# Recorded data
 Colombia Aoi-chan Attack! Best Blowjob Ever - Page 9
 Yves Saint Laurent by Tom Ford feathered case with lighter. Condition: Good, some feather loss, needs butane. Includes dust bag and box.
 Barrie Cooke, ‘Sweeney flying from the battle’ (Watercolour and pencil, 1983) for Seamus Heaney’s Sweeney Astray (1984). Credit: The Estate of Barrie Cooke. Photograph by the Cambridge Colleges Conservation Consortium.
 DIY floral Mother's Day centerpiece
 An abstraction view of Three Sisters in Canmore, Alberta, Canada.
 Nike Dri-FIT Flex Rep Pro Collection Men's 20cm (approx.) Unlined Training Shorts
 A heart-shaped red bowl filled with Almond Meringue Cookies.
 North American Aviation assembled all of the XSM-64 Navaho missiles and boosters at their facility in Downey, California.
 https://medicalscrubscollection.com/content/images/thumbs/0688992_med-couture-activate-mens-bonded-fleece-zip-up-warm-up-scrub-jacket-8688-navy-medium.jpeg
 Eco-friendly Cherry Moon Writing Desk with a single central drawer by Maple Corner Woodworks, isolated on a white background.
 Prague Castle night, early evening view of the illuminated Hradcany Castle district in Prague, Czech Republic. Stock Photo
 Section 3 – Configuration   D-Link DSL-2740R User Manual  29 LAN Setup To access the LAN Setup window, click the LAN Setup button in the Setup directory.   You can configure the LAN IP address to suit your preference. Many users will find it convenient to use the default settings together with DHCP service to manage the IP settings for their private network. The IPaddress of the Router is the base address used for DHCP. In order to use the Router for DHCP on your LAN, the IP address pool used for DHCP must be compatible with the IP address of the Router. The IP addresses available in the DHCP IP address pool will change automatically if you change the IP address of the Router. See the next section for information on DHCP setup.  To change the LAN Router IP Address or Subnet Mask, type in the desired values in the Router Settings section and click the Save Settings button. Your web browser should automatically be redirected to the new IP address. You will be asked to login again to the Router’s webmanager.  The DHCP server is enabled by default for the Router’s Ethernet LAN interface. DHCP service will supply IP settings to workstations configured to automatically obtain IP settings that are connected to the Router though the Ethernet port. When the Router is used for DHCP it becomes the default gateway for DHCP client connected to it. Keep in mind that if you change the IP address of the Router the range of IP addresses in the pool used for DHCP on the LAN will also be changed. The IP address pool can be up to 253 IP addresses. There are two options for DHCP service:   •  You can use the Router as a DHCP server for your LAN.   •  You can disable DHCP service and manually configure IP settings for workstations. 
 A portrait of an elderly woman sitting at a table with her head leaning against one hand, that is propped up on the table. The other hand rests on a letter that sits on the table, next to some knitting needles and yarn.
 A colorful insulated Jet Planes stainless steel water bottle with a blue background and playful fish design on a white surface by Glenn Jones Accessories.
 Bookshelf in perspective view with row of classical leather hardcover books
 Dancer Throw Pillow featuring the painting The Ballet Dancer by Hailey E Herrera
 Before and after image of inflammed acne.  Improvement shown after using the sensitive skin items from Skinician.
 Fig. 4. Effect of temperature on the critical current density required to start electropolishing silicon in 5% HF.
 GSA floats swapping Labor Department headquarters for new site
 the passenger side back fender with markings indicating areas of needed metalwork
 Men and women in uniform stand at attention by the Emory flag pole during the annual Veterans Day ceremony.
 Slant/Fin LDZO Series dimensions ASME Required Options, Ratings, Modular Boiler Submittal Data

# EXERCISE AIM
Print each of the lines above again, unchanged.

# OUTPUT FOR THIS EXERCISE
 Colombia Aoi-chan Attack! Best Blowjob Ever - Page 9
 Yves Saint Laurent by Tom Ford feathered case with lighter. Condition: Good, some feather loss, needs butane. Includes dust bag and box.
 Barrie Cooke, ‘Sweeney flying from the battle’ (Watercolour and pencil, 1983) for Seamus Heaney’s Sweeney Astray (1984). Credit: The Estate of Barrie Cooke. Photograph by the Cambridge Colleges Conservation Consortium.
 DIY floral Mother's Day centerpiece
 An abstraction view of Three Sisters in Canmore, Alberta, Canada.
 Nike Dri-FIT Flex Rep Pro Collection Men's 20cm (approx.) Unlined Training Shorts
 A heart-shaped red bowl filled with Almond Meringue Cookies.
 North American Aviation assembled all of the XSM-64 Navaho missiles and boosters at their facility in Downey, California.
 https://medicalscrubscollection.com/content/images/thumbs/0688992_med-couture-activate-mens-bonded-fleece-zip-up-warm-up-scrub-jacket-8688-navy-medium.jpeg
 Eco-friendly Cherry Moon Writing Desk with a single central drawer by Maple Corner Woodworks, isolated on a white background.
 Prague Castle night, early evening view of the illuminated Hradcany Castle district in Prague, Czech Republic. Stock Photo
 Section 3 – Configuration   D-Link DSL-2740R User Manual  29 LAN Setup To access the LAN Setup window, click the LAN Setup button in the Setup directory.   You can configure the LAN IP address to suit your preference. Many users will find it convenient to use the default settings together with DHCP service to manage the IP settings for their private network. The IPaddress of the Router is the base address used for DHCP. In order to use the Router for DHCP on your LAN, the IP address pool used for DHCP must be compatible with the IP address of the Router. The IP addresses available in the DHCP IP address pool will change automatically if you change the IP address of the Router. See the next section for information on DHCP setup.  To change the LAN Router IP Address or Subnet Mask, type in the desired values in the Router Settings section and click the Save Settings button. Your web browser should automatically be redirected to the new IP address. You will be asked to login again to the Router’s webmanager.  The DHCP server is enabled by default for the Router’s Ethernet LAN interface. DHCP service will supply IP settings to workstations configured to automatically obtain IP settings that are connected to the Router though the Ethernet port. When the Router is used for DHCP it becomes the default gateway for DHCP client connected to it. Keep in mind that if you change the IP address of the Router the range of IP addresses in the pool used for DHCP on the LAN will also be changed. The IP address pool can be up to 253 IP addresses. There are two options for DHCP service:   •  You can use the Router as a DHCP server for your LAN.   •  You can disable DHCP service and manually configure IP settings for workstations. 
 A portrait of an elderly woman sitting at a table with her head leaning against one hand, that is propped up on the table. The other hand rests on a letter that sits on the table, next to some knitting needles and yarn.
 A colorful insulated Jet Planes stainless steel water bottle with a blue background and playful fish design on a white surface by Glenn Jones Accessories.
 Bookshelf in perspective view with row of classical leather hardcover books
 Dancer Throw Pillow featuring the painting The Ballet Dancer by Hailey E Herrera
 Before and after image of inflammed acne.  Improvement shown after using the sensitive skin items from Skinician.
 Fig. 4. Effect of temperature on the critical current density required to start electropolishing silicon in 5% HF.
 GSA floats swapping Labor Department headquarters for new site
 the passenger side back fender with markings indicating areas of needed metalwork
 Men and women in uniform stand at attention by the Emory flag pole during the annual Veterans Day ceremony.
 Slant/Fin LDZO Series dimensions ASME Required Options, Ratings, Modular Boiler Submittal Data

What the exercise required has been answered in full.